[WORK ITEM] Every line of the data below should be retyped exactly, with no images carried over.

[SOURCE MATERIAL]
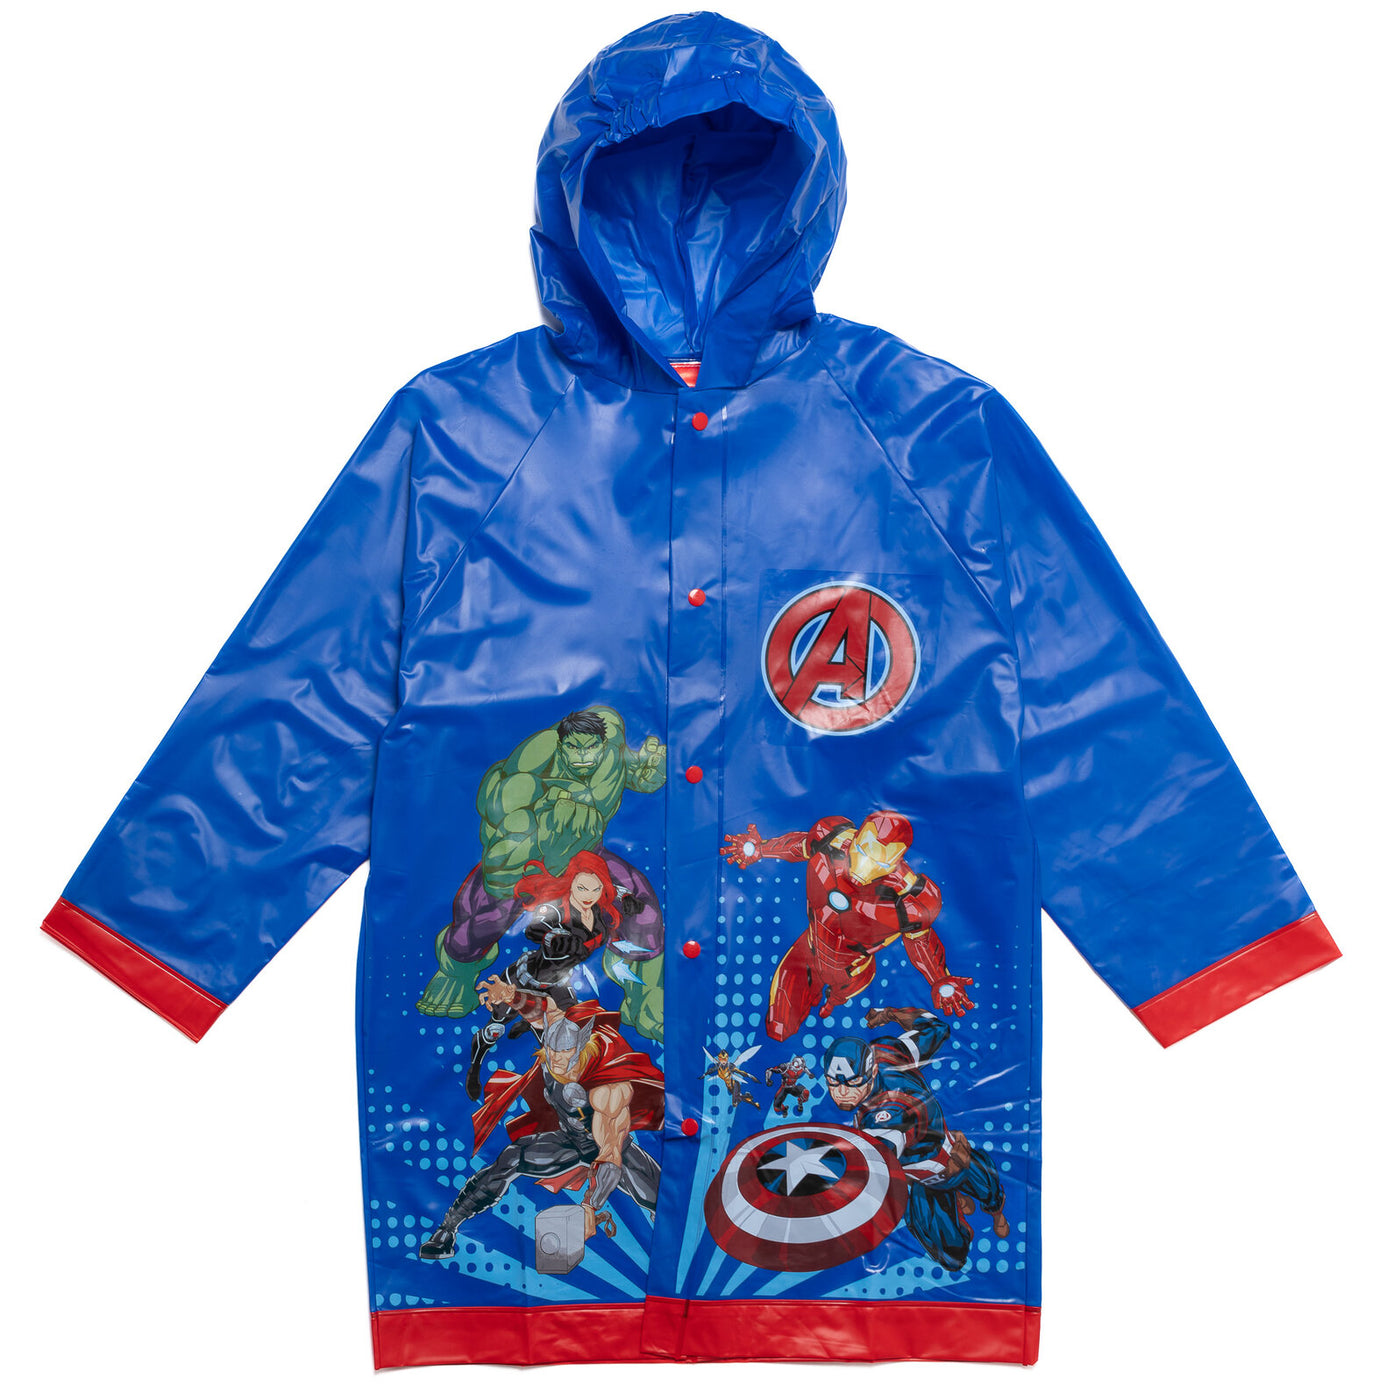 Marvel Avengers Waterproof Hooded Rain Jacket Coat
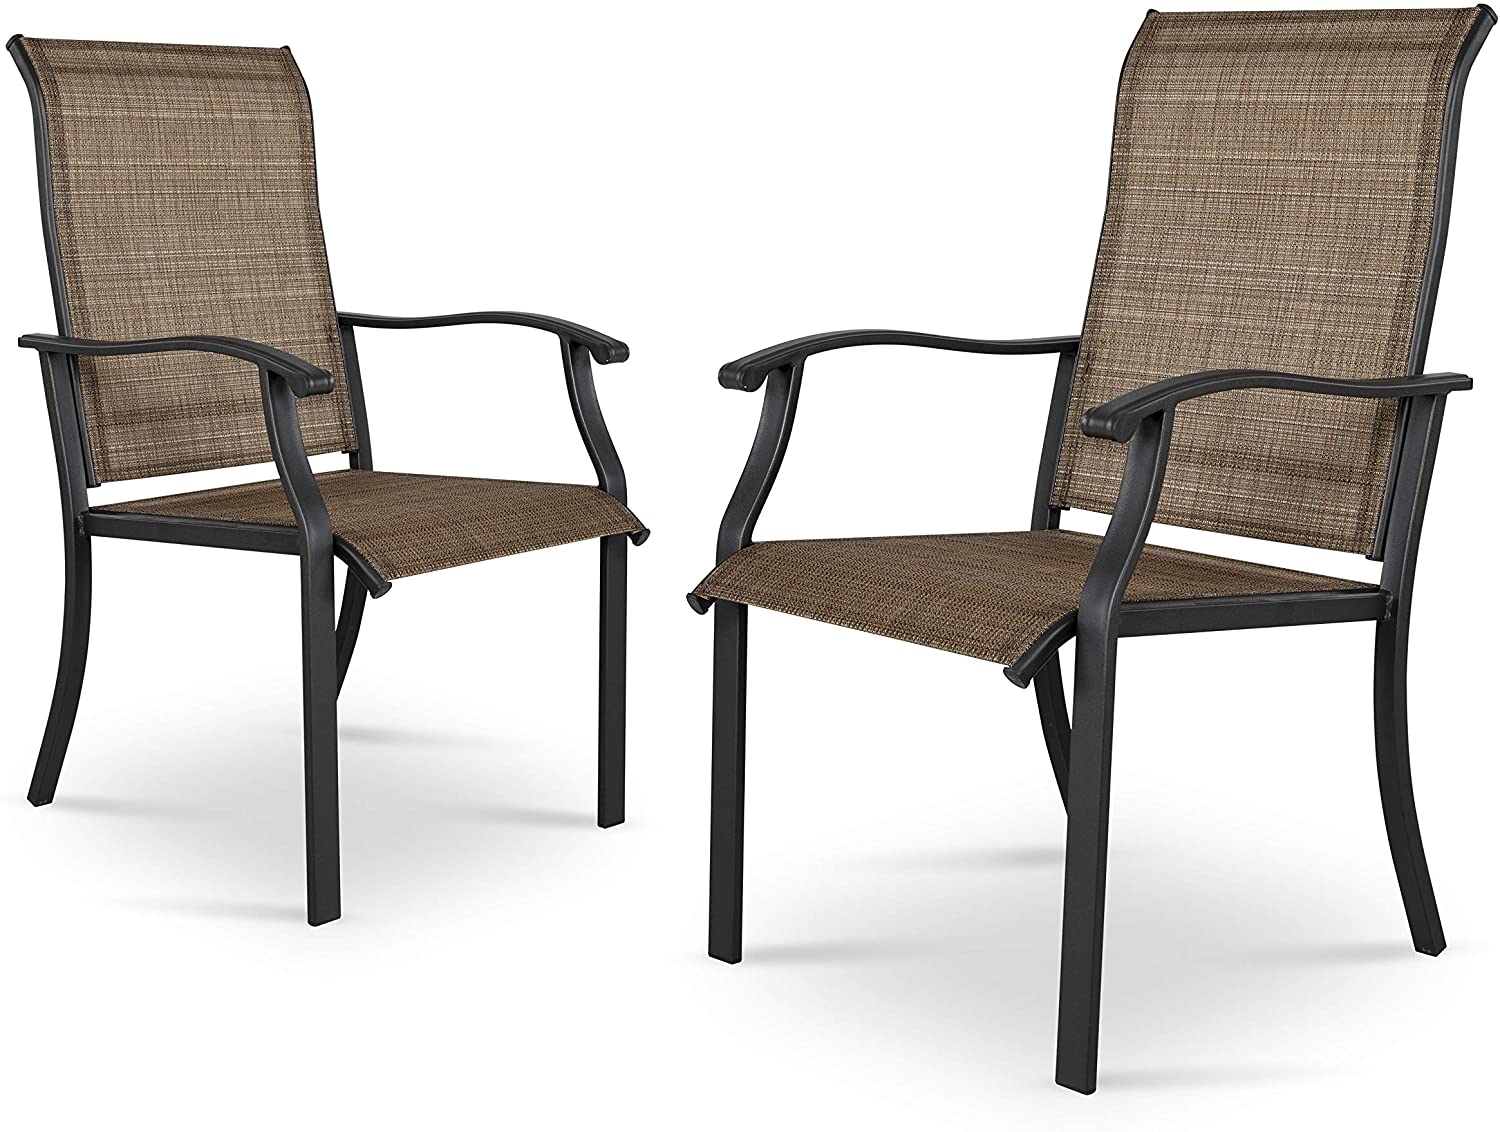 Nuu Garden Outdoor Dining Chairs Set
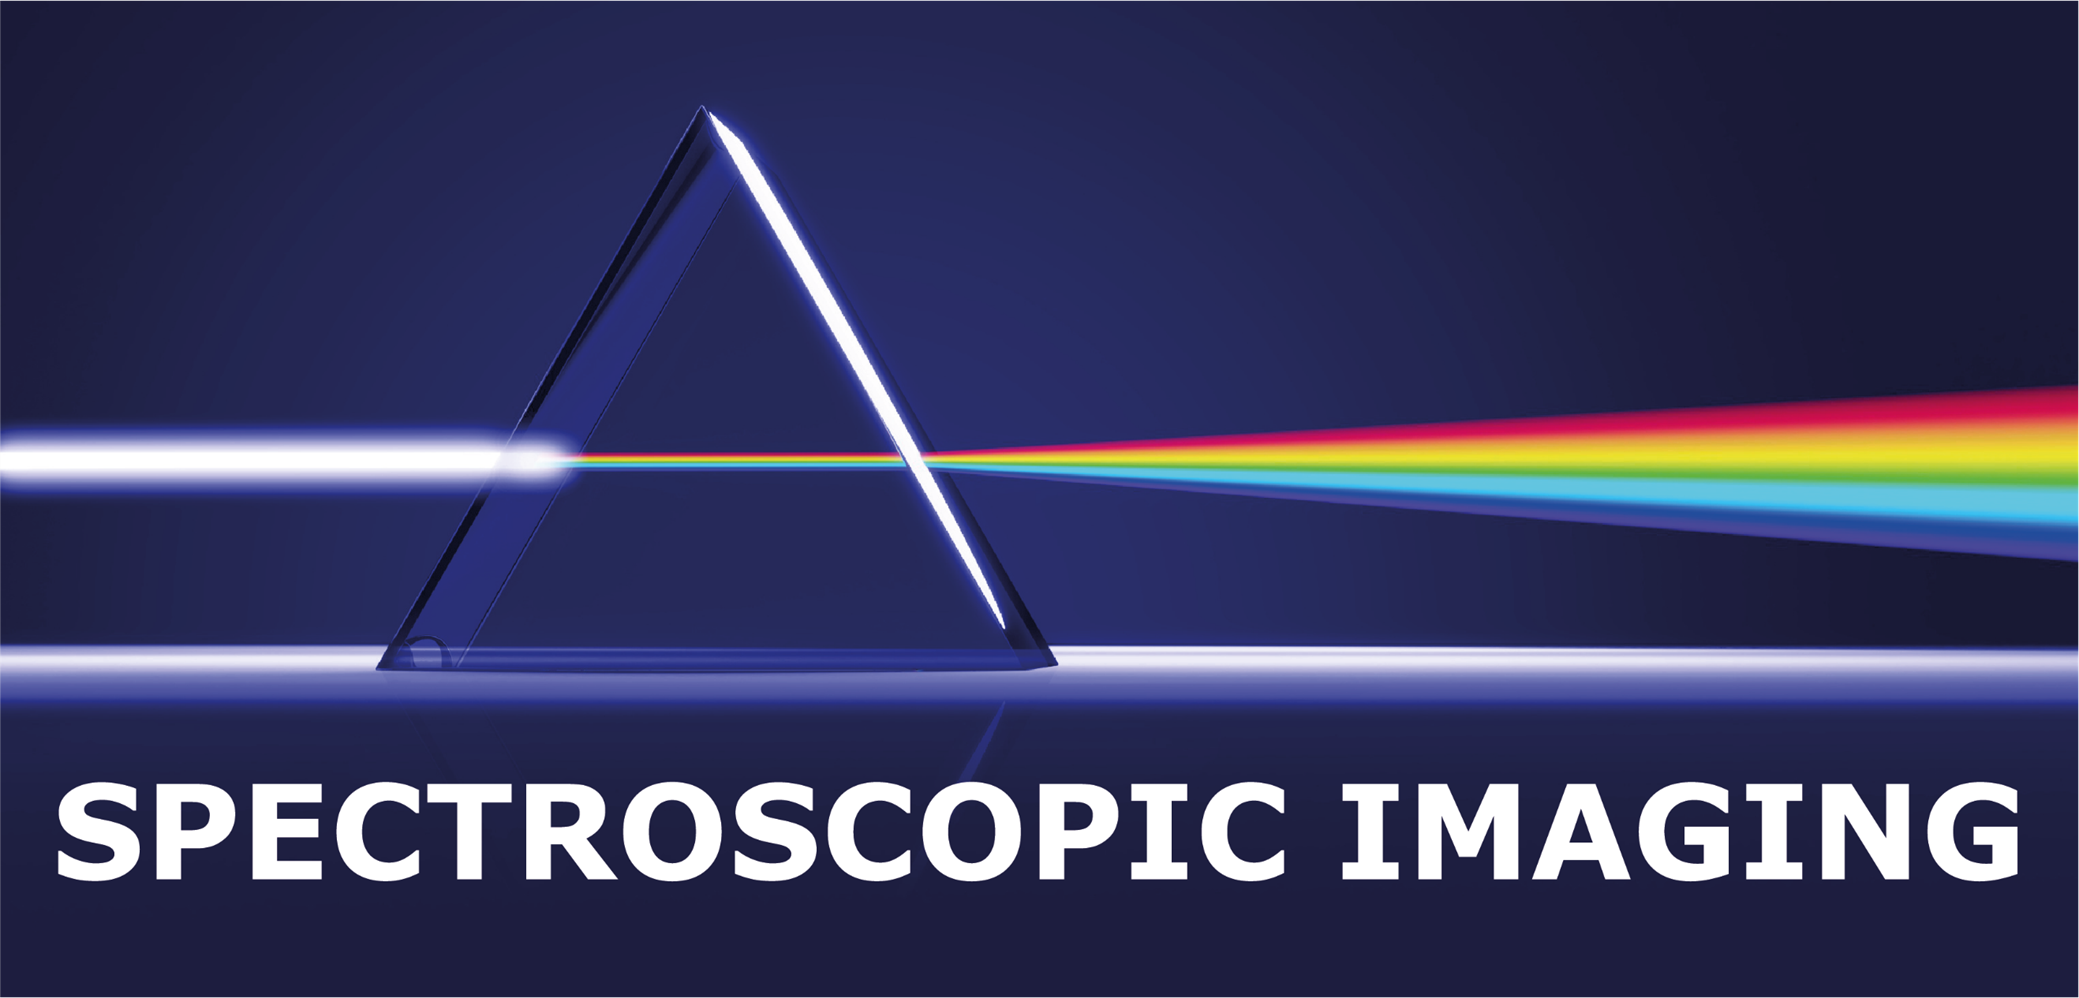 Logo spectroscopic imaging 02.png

[SOLUTION FOR THIS TASK]
 Marvel Avengers Waterproof Hooded Rain Jacket Coat
 Nuu Garden Outdoor Dining Chairs Set
 Logo spectroscopic imaging 02.png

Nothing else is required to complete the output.